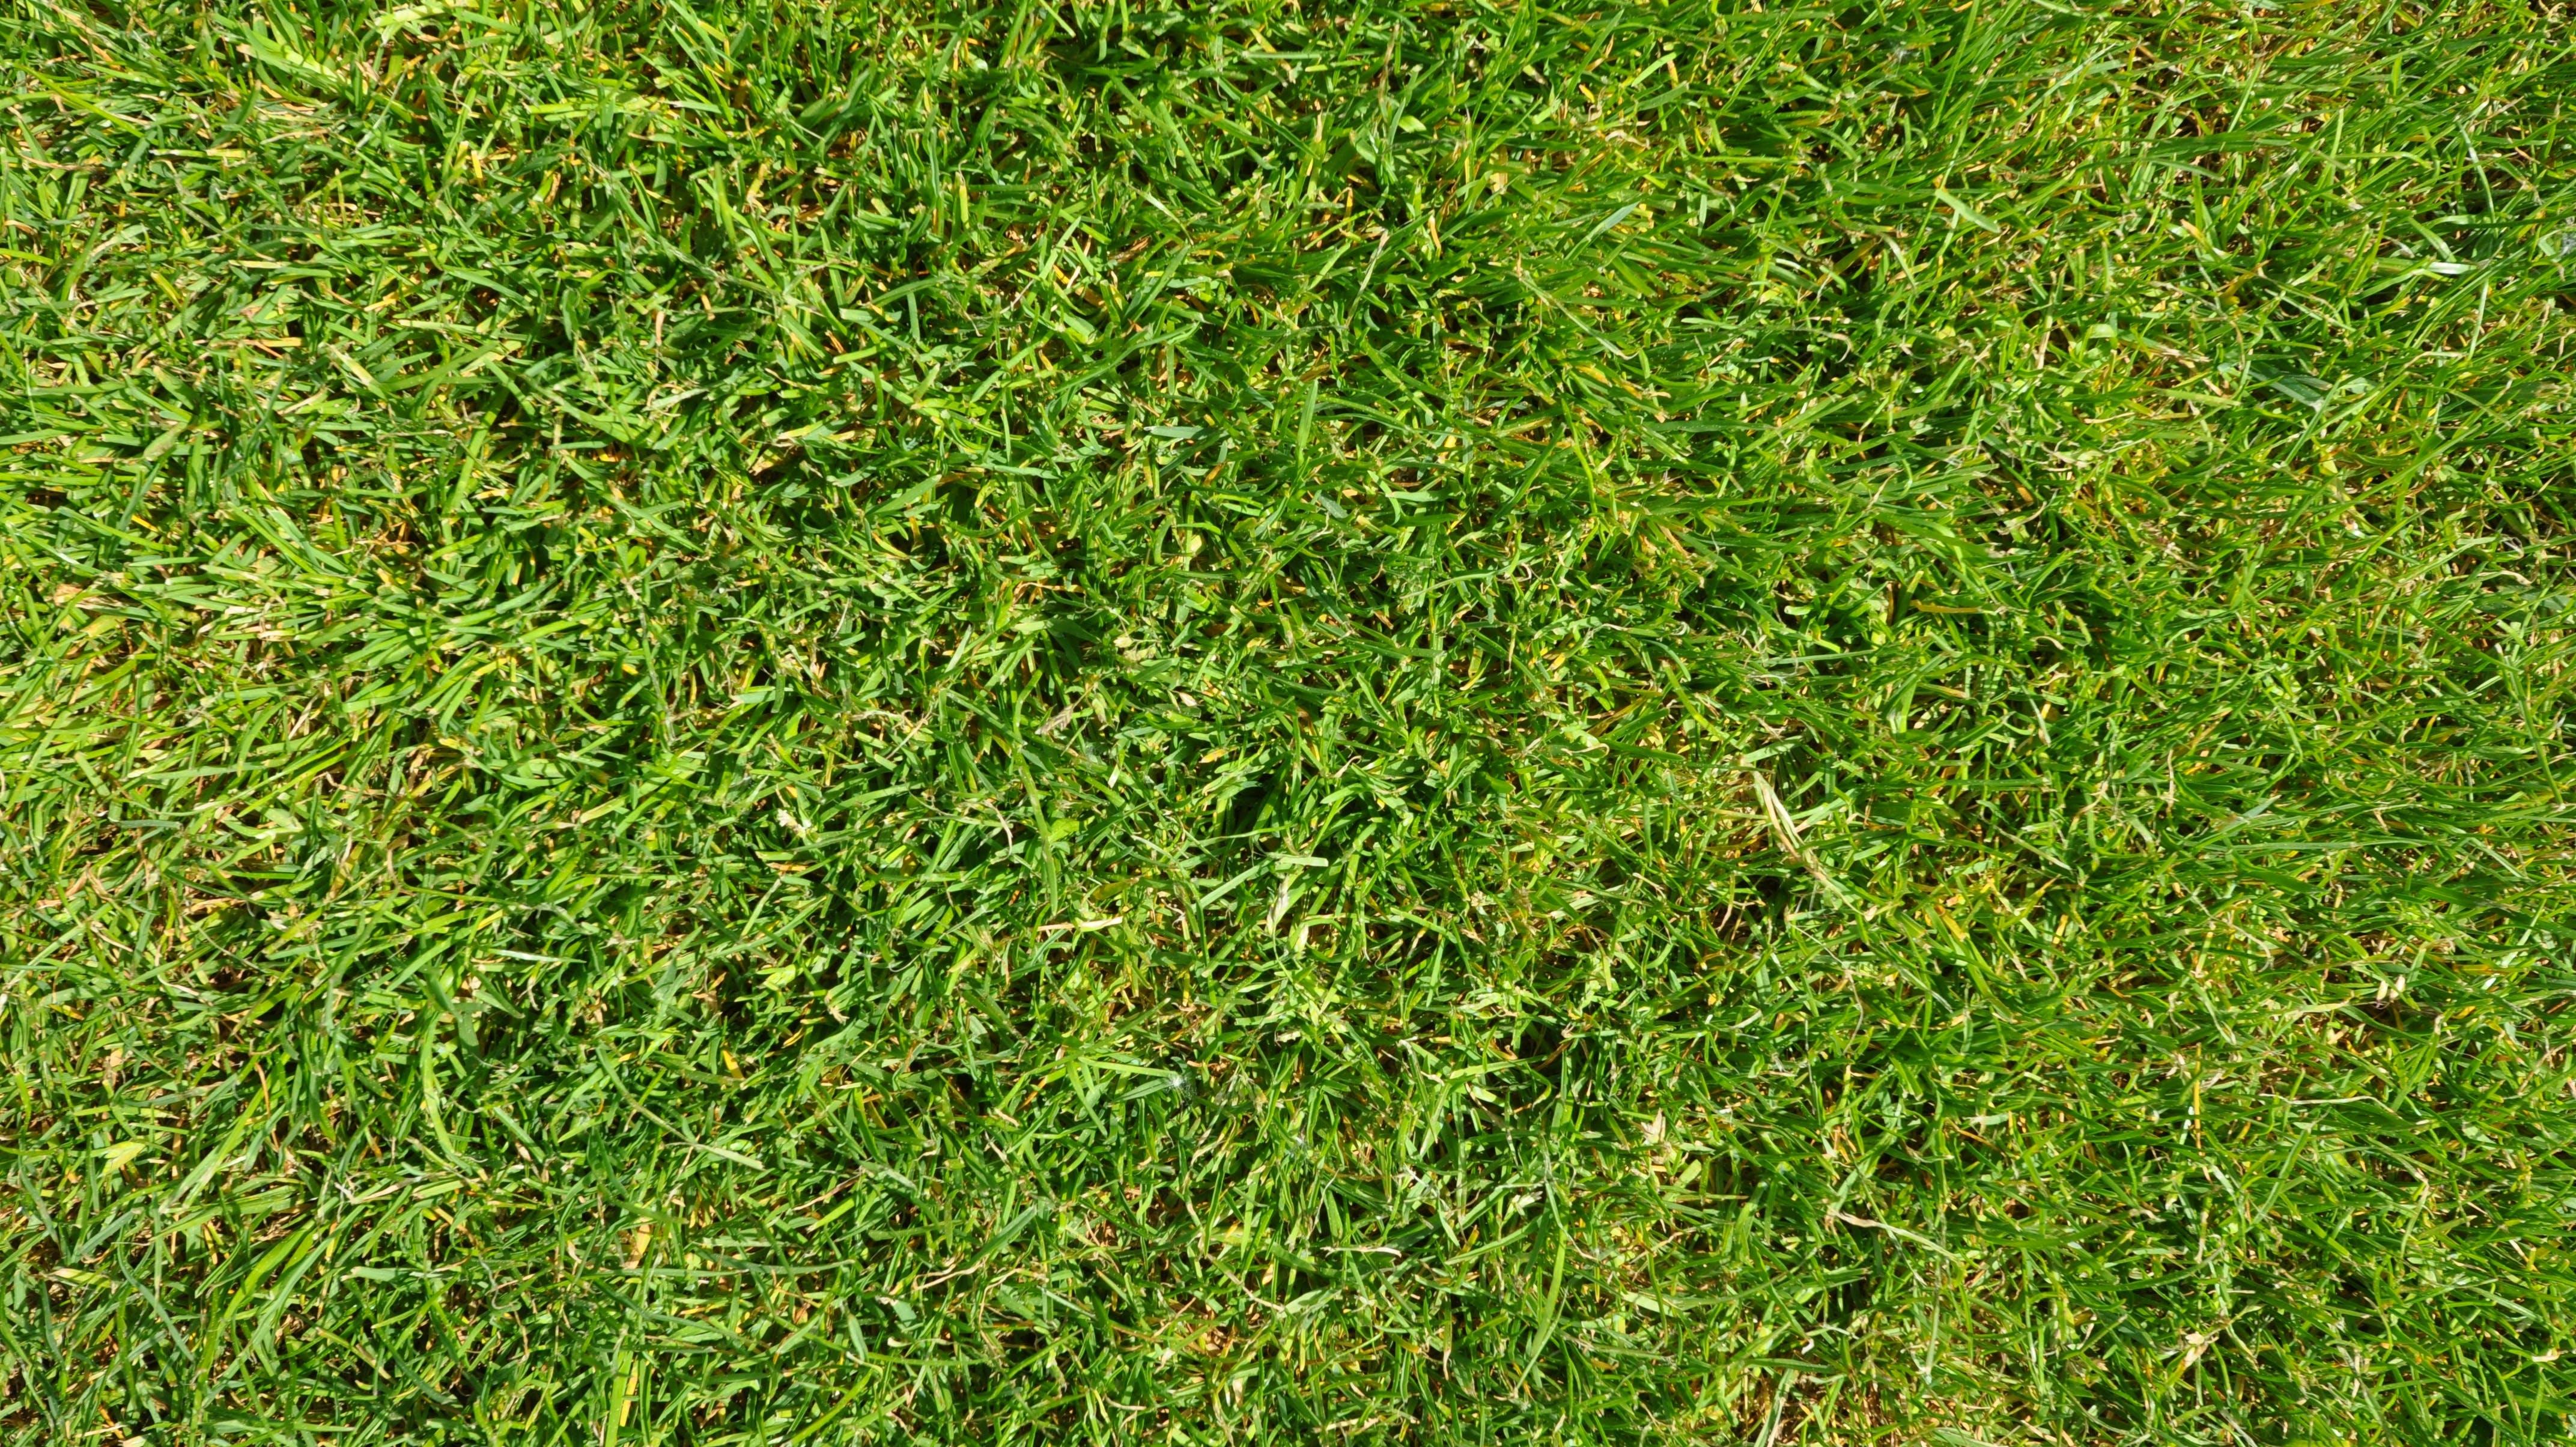 Free stock photo of texture, grass, green, football
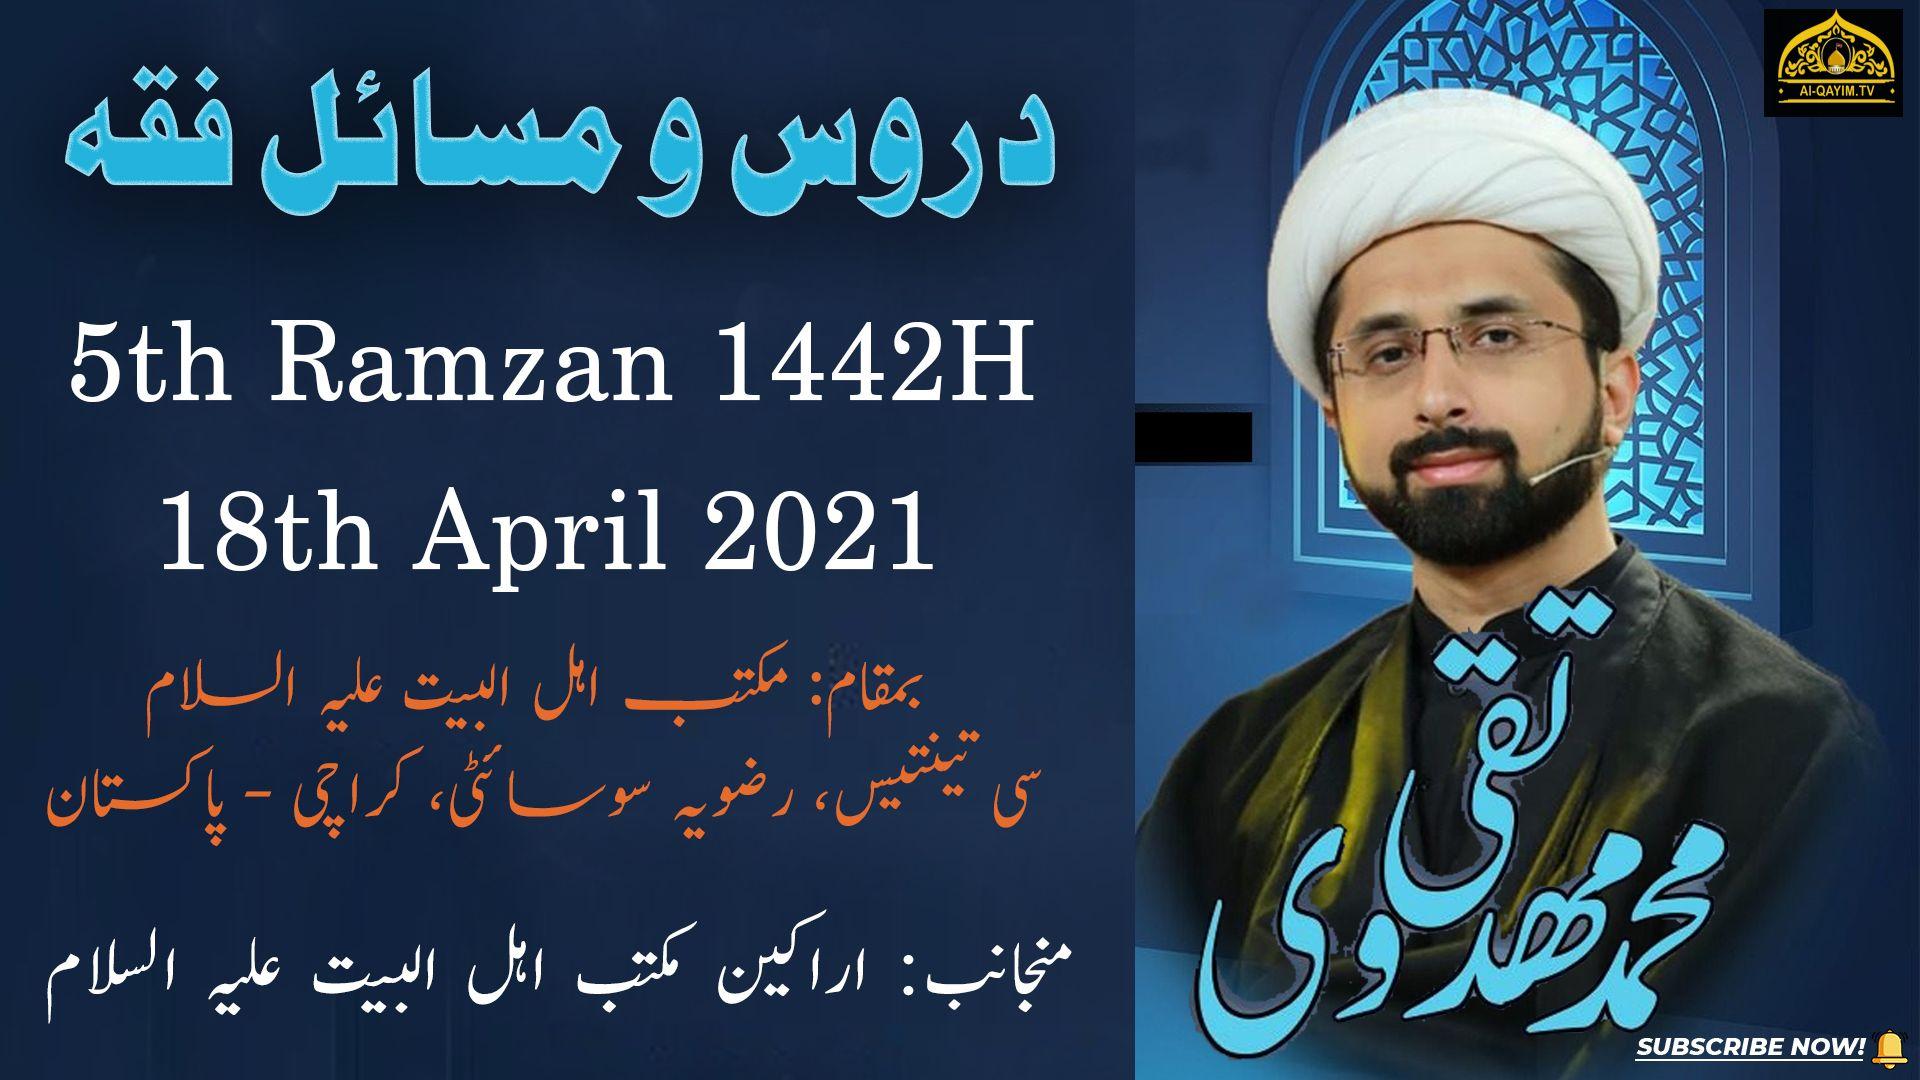 Moulana Muhammad Taqi Mehdavi | Dars Wo Masail Fiqae | 5th Ramzan 2021 | Maktab-e-Ahlebait - Karachi
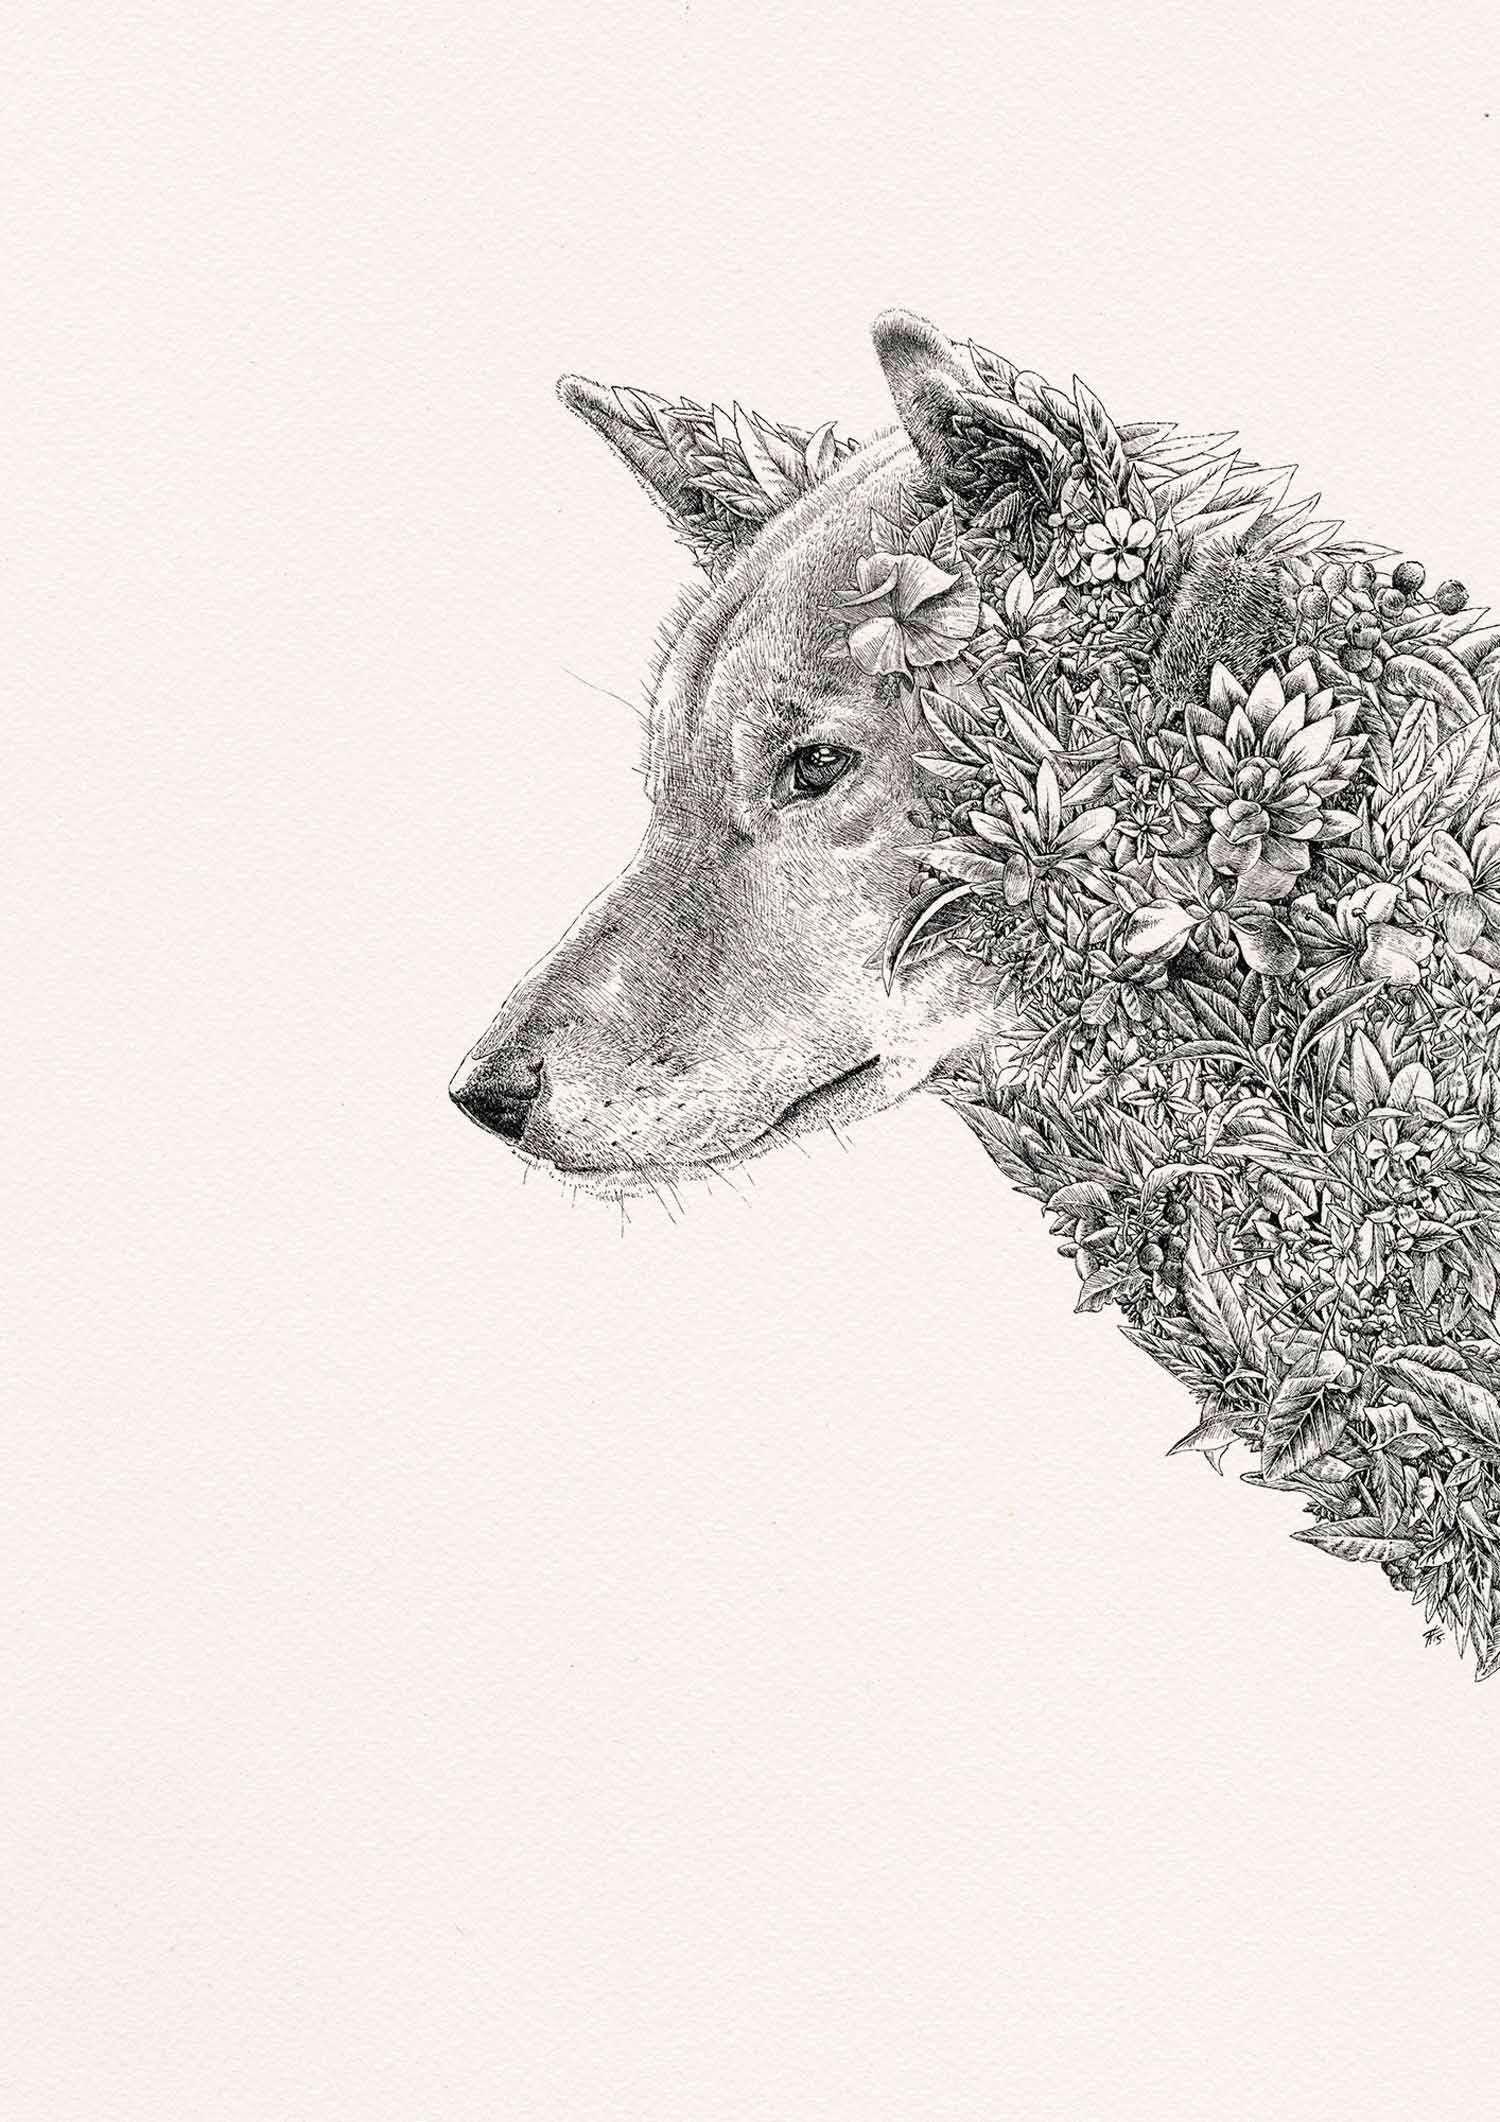 Dingo Illustration by Nathan Ferlazzo

WHAT IS REQUIRED: The output should hold only the lines from the one containing "Moulana Muhammad Taqi" through the last line of the listing, reproduced exactly, pictures omitted.

ANSWER TO THE EXERCISE:
 Moulana Muhammad Taqi Mehdavi | Dars Wo Masail Fiqae | 5th Ramzan 2021 | Maktab-e-Ahlebait - Karachi
 Dingo Illustration by Nathan Ferlazzo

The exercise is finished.